### SUPPLIED RECORDS

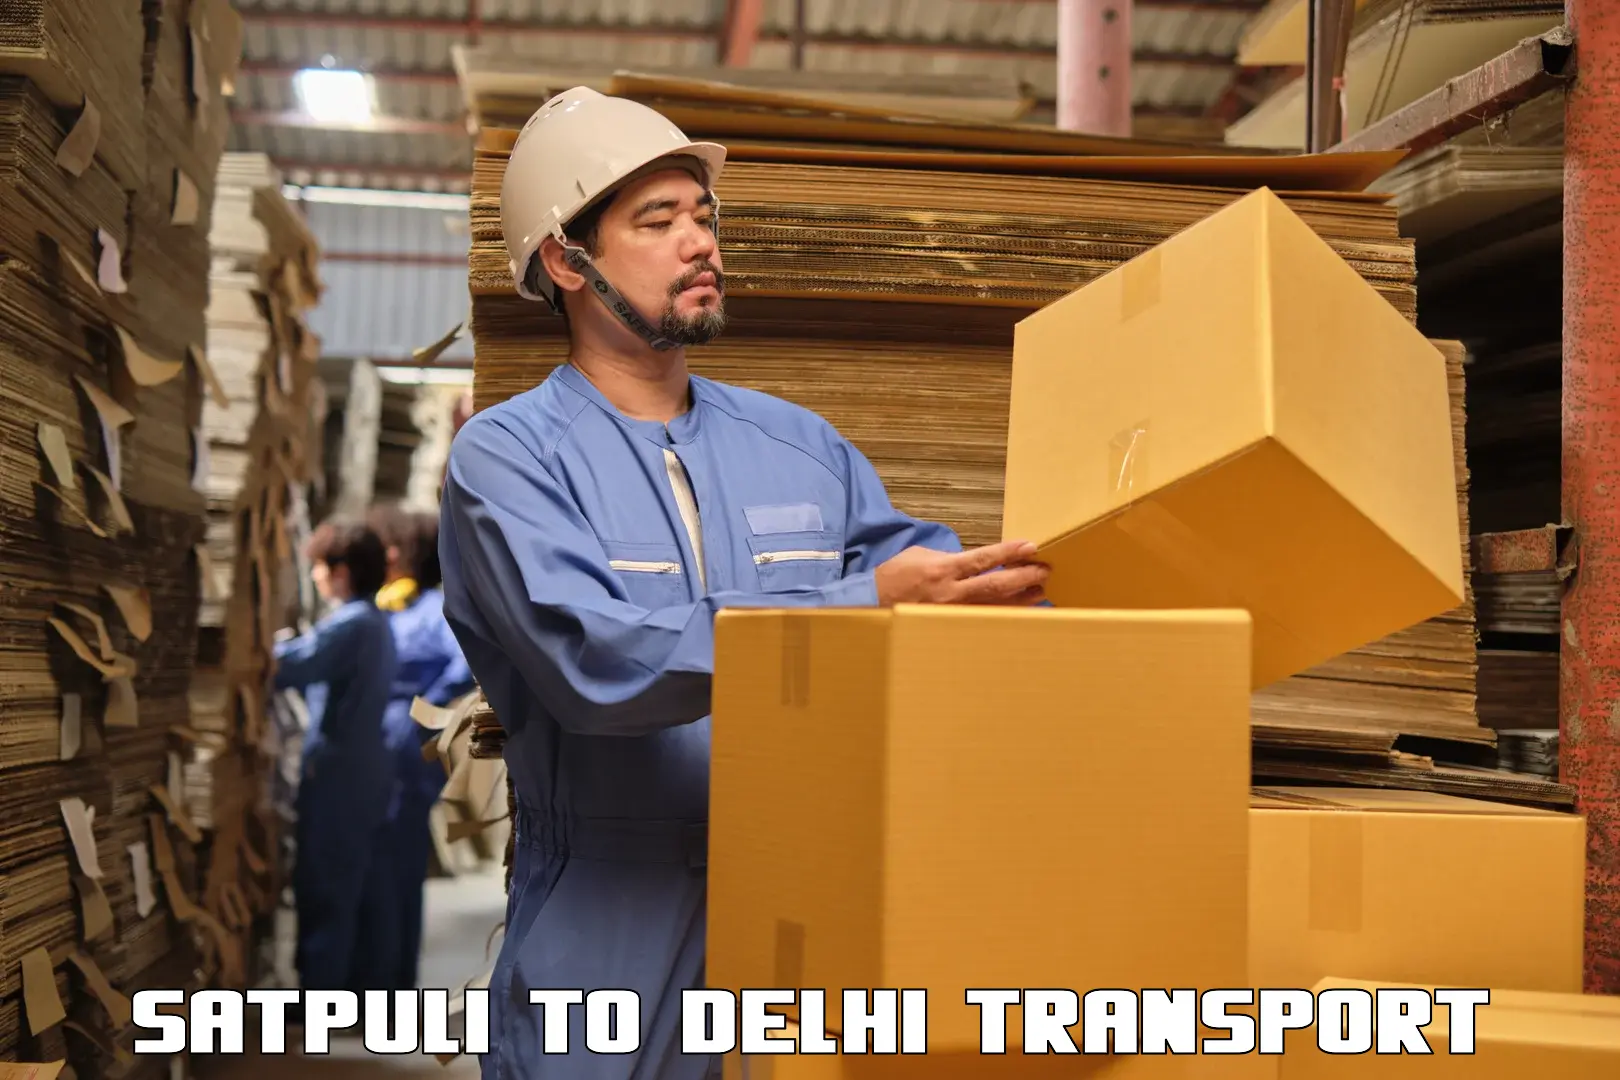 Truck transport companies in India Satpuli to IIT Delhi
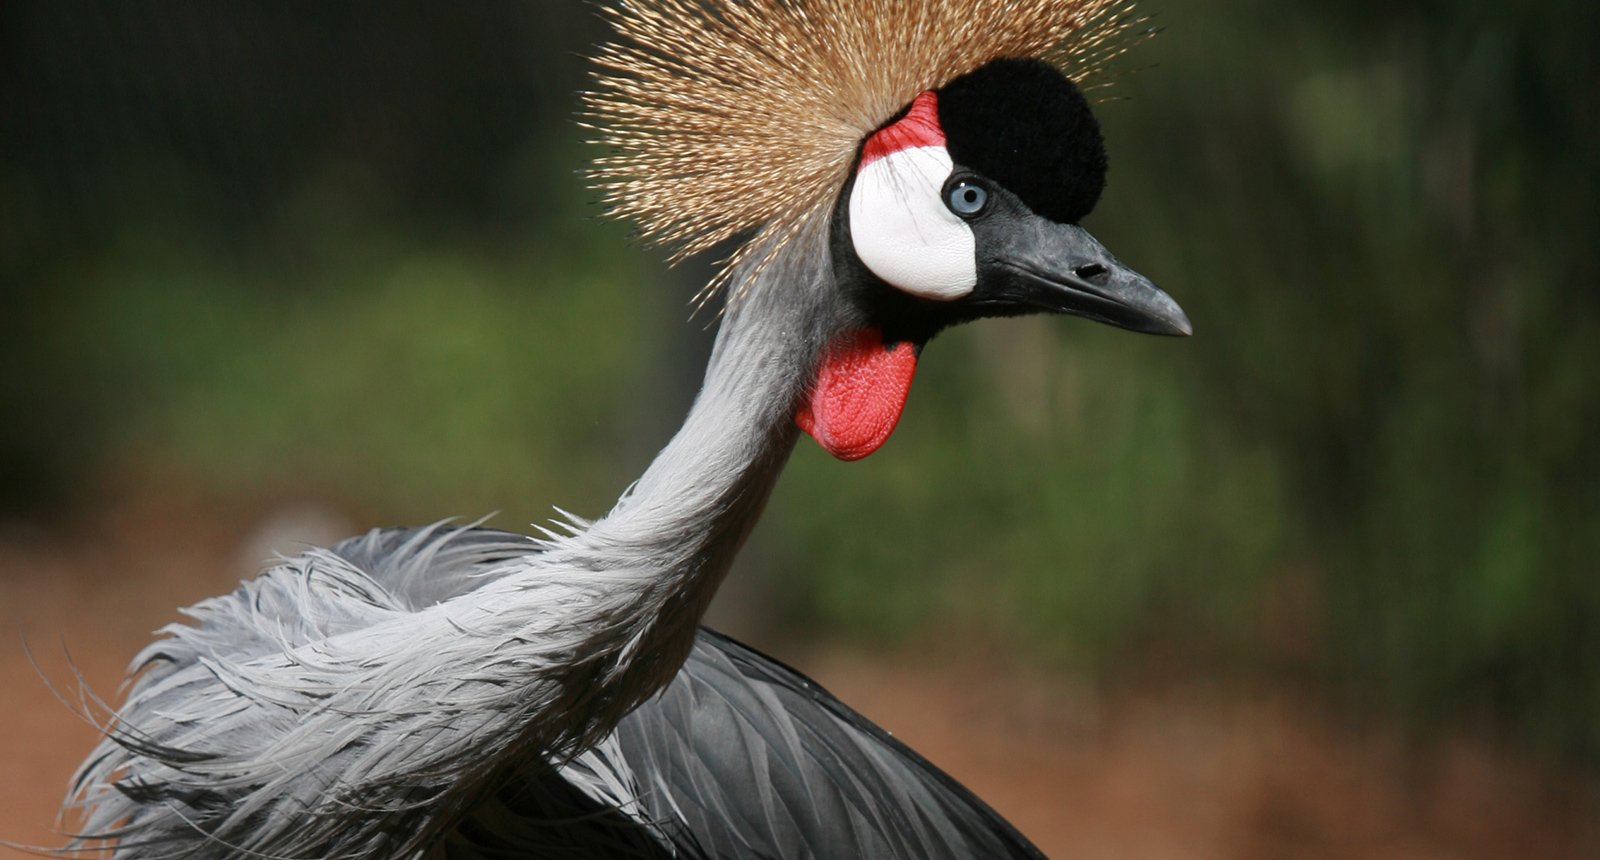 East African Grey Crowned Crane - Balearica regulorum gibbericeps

######
### SUPPLIED RECORDS

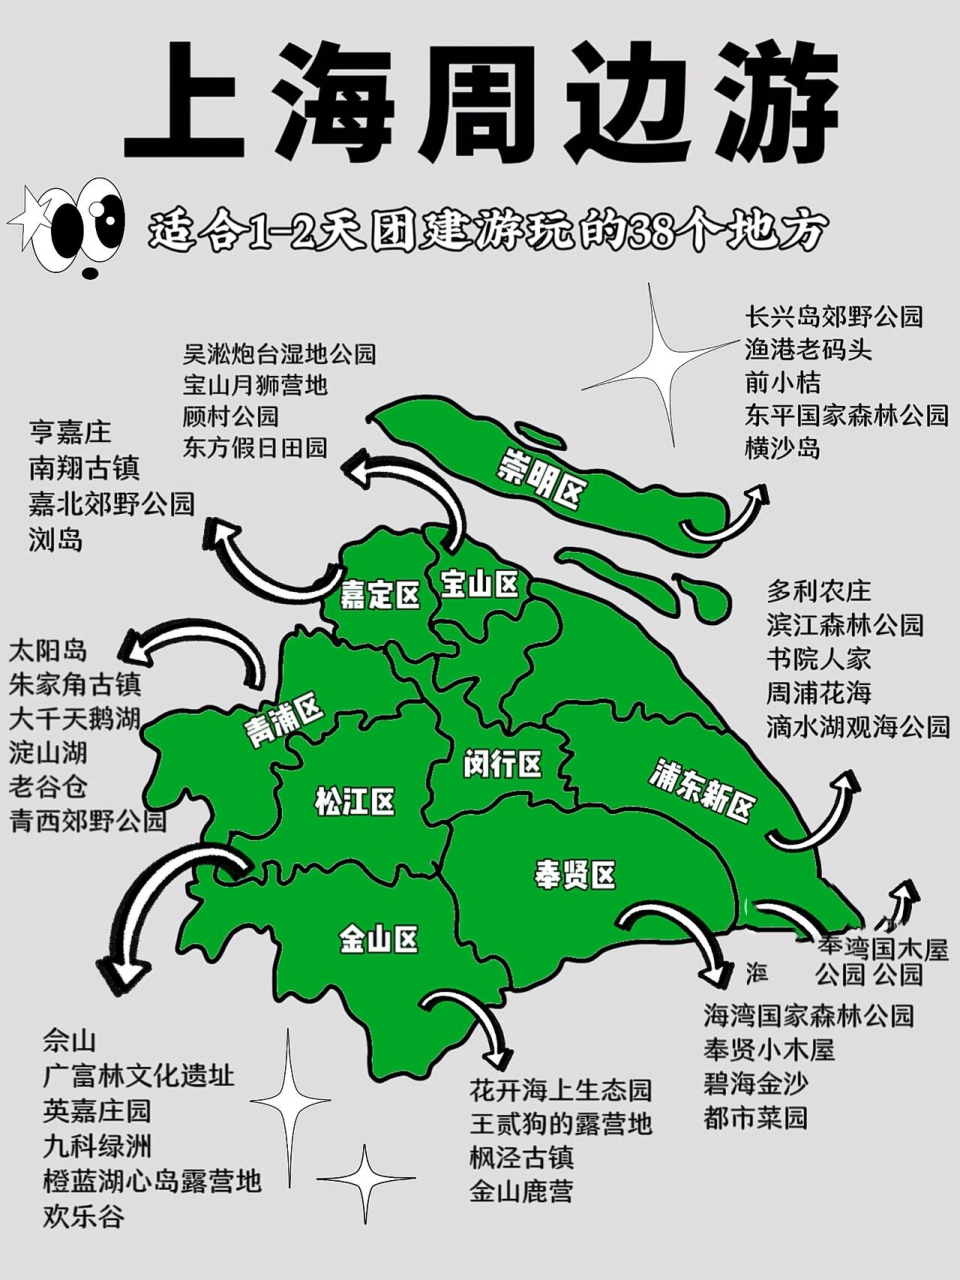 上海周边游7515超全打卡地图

######

■ ASSIGNMENT
Quote word for word only the lines above from the one containing "Truck transport companies" through the one containing "East African Grey". Pictures stay out of your copy.

■ WRITTEN SOLUTION
 Truck transport companies in India Satpuli to IIT Delhi
 East African Grey Crowned Crane - Balearica regulorum gibbericeps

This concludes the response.